Most people will recognise the problem and see that it is not confined to risk managers. When a group gets a skill, in risk management, treasury, IT, compliance or whatever, it uses that skill to start building empires and, before you know it, is tacitly conspiring with outside agencies - be they regulators, government or rating agencies - to pile on extra work which allows them to build their empires even bigger.

 

They very quickly lose sight of the fact that they are there to help business make a profit and grow. Instead their lives revolve about doing what they do, whether or not it furthers the fundamental aims of the business.

 

Broker's block

 

A PRIVATE client stockbroker of more than 30 years' standing told me the other day that he saw no future for private client advisory stockbrokers as we both understood the term. He believed that the volatility in markets and the attitude of the Financial Services Authority now made it impossible to recommend shares to clients.

 

He therefore thought that within a few years, brokers would instead advise clients on which unit trust, investment trust or hedge fund should get their money. In other words, they would advise their clients on the choice of fund manager but would no longer try to manage funds themselves.

 

The reason, he said, is that the FSA has made it impossible to continue in the old way.
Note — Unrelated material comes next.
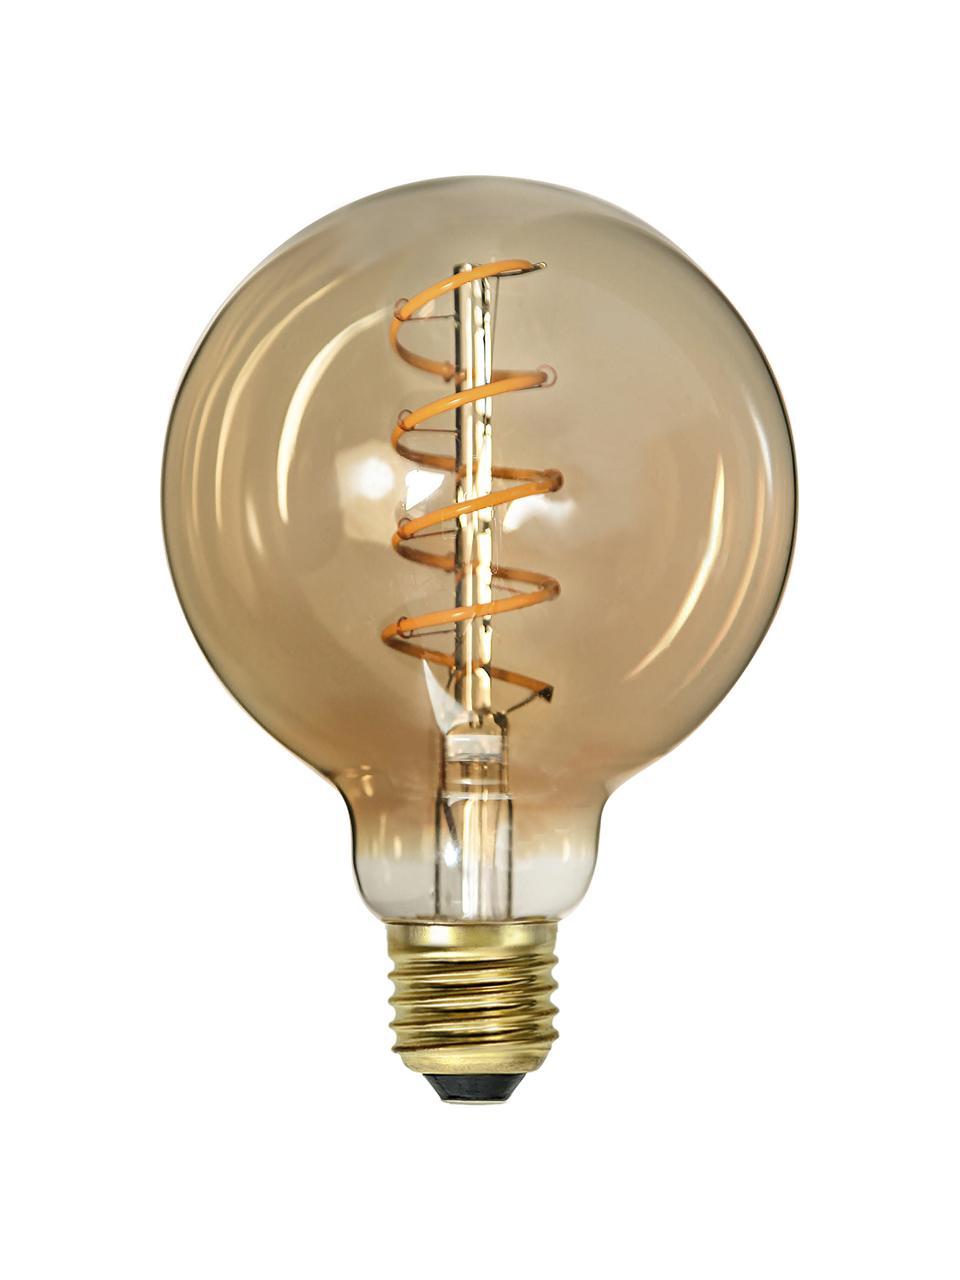 Lampadina E27, 160lm, dimmerabile, bianco caldo, 1 pz, Lampadina: vetro, Ambra trasparente, Ø 10 x Alt. 14 cm

If, for example, two clients have a medium-risk portfolio, the FSA will expect both to perform identically.

 

It will not accept that some clients don't want to sell because they hate capital gains tax, some will not buy tobacco or drinks shares and some have other preferences, all of which will mean that portfolios with identical risk will not deliver the same performance.

 

The attitude of the regulator, however, is that the one with the lesser performance must have been mis-advised or short-changed in some way and so it gives the broker a suitably hard time.